Она снова выпустила этих Христовых, древних птиц в Мiръ, а никто не услышал её.
Люди все делали своё дело. Кто Адскую работу творил – бил, убивал друг друга; кто выпускал пули из ружья; кто подбрасывал хилые щепки и ветки в костёр, жалко, щемяще питая умирающий огонь; кто, стоя на коленях перед пламенем, громко рыдал, на молитву уже не было сил. Я понял: все эти люди ввергнуты во Ад, и я вместе с ними, и Блаженная моя. Адовой дорогой мы сегодня идём.

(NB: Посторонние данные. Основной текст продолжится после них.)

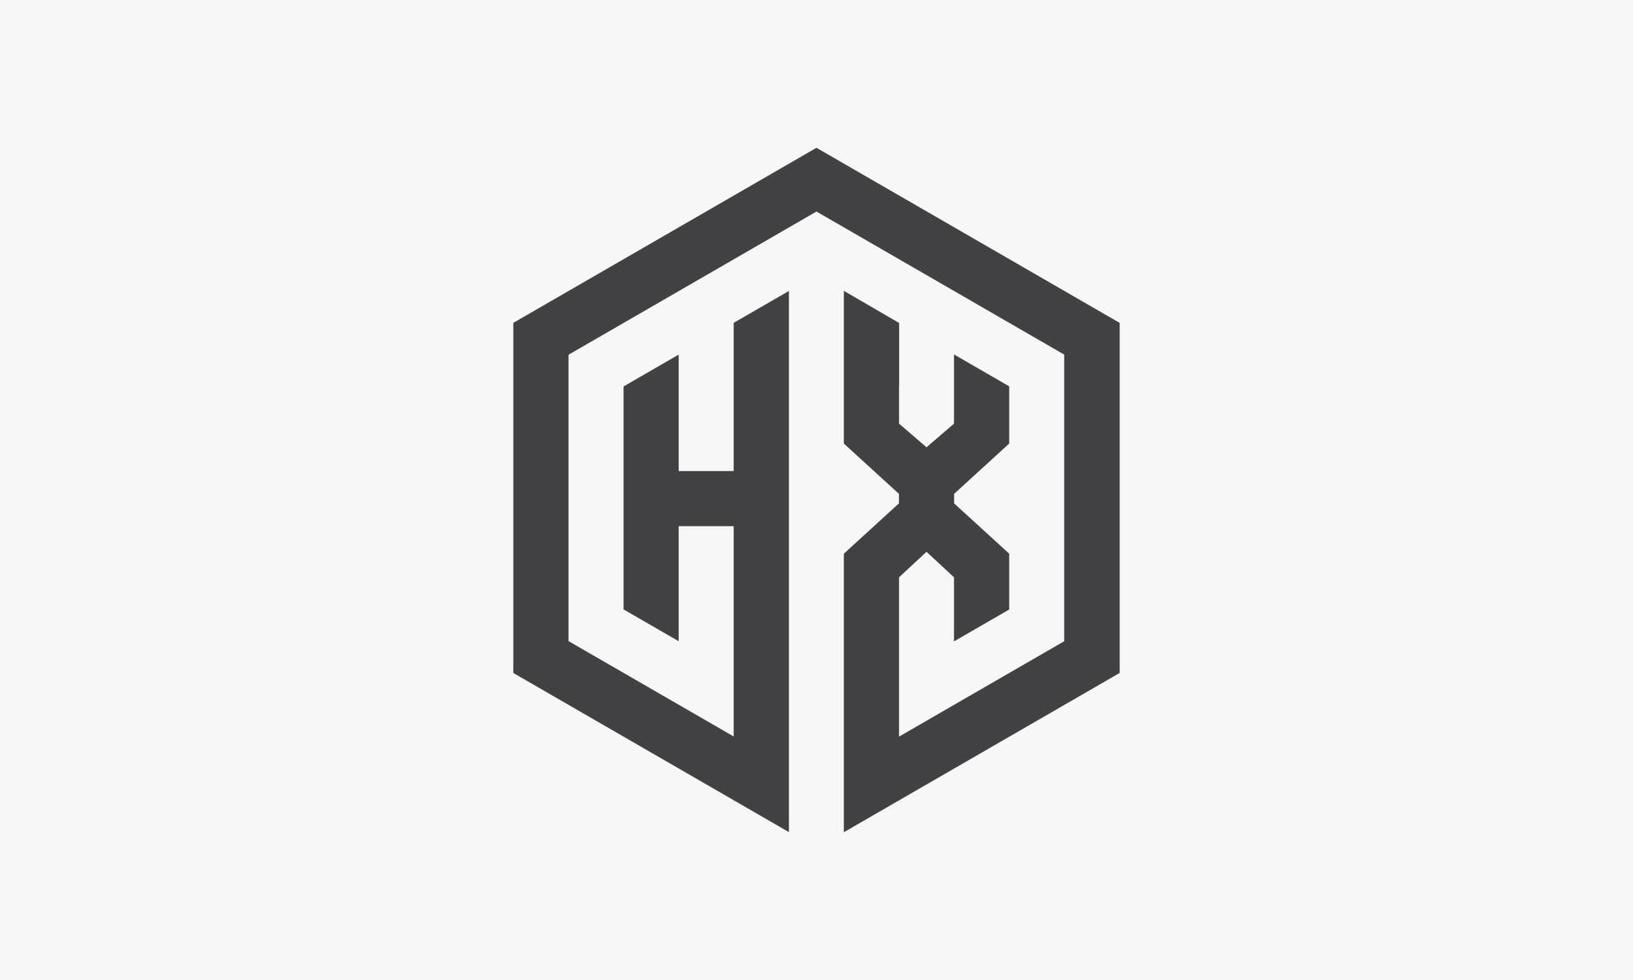 hx zeshoek brief logo geïsoleerd op een witte achtergrond. vector
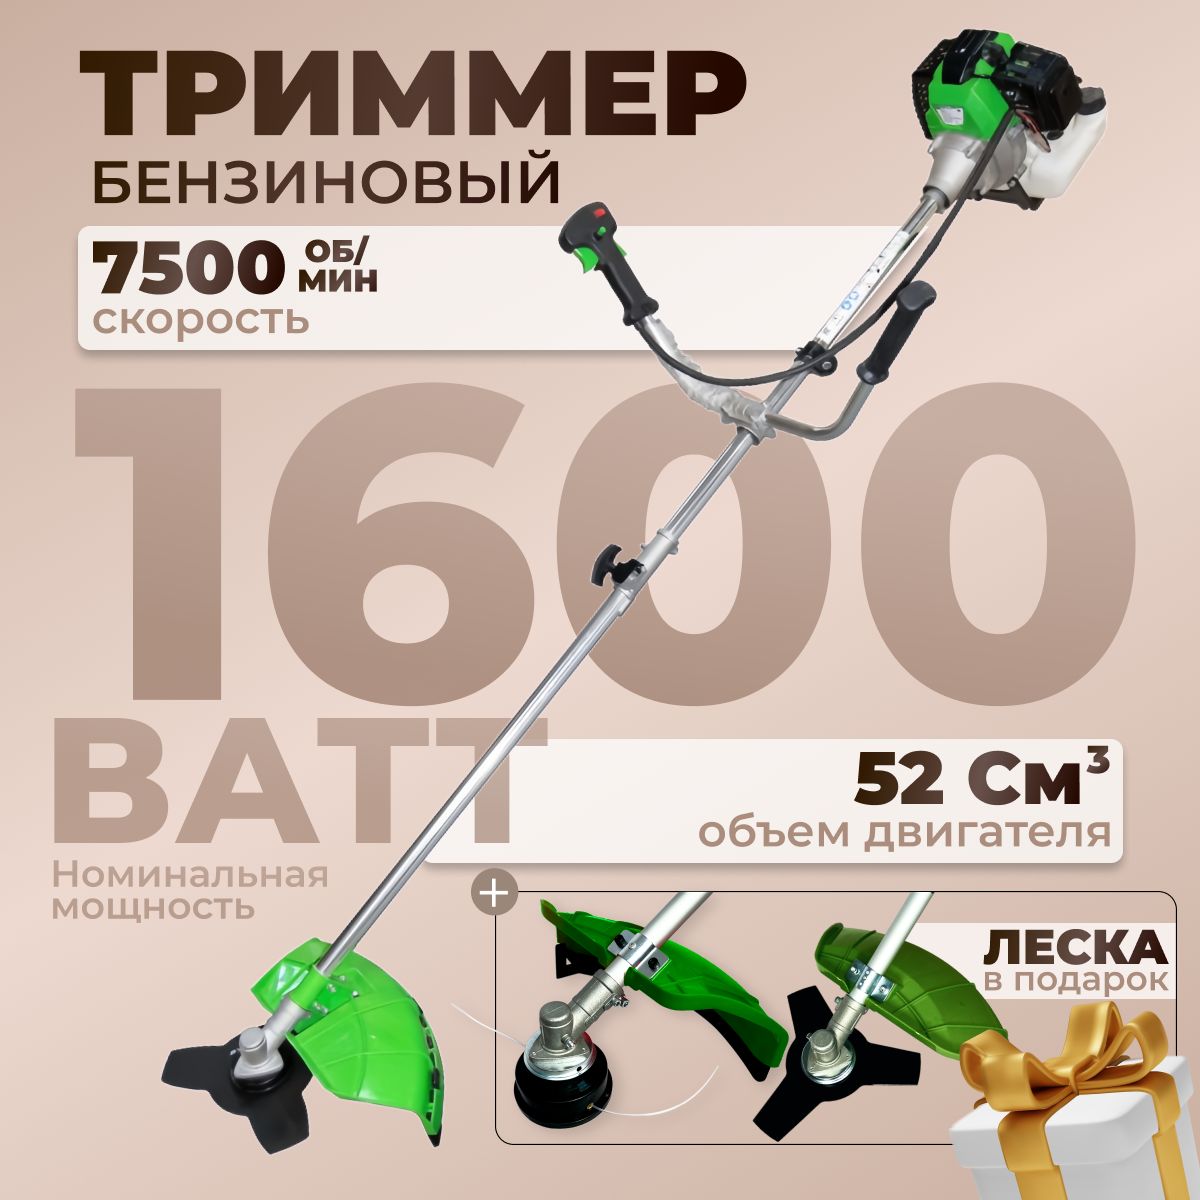 ТриммербензиновыйдлятравыECO-52/1600Вт,7500об/мин,нож3Т,52см

А надо, сжав зубы, стиснув губы, пройти эту тропу из конца в конец. Иначе мы не поймём наше Время, а оно, уходя, прощаясь с нами, не поймёт нас. Накрытая горним светом, его призрачным колыханьем, стояла Юродивая, сверху вниз глядела на копошащихся, снующих по дну Ада людей. Растерянных. Одержимых гордыней. Мрачных и сильных. Нежных. Кающихся. Кричащих на всю площадь, а крика не слышно: его засыпает безмолвный, неотвратимый снег. Революция! Война! В небе наша мать Луна. А эта баба-пророчица – живая башня; с неё, с её верхушки люди всё сущее могли бы увидать, всю юдоль обвести её глазами, вбирающими радость и скорбь, поющими, сияющими. Но нет! Не хотели люди говорить с ней и видеть её. И не видели. Зря у костров до неба стояла она. Сама костёр, с воздетыми руками-огнями. Эй, жена, гори! Сгорай!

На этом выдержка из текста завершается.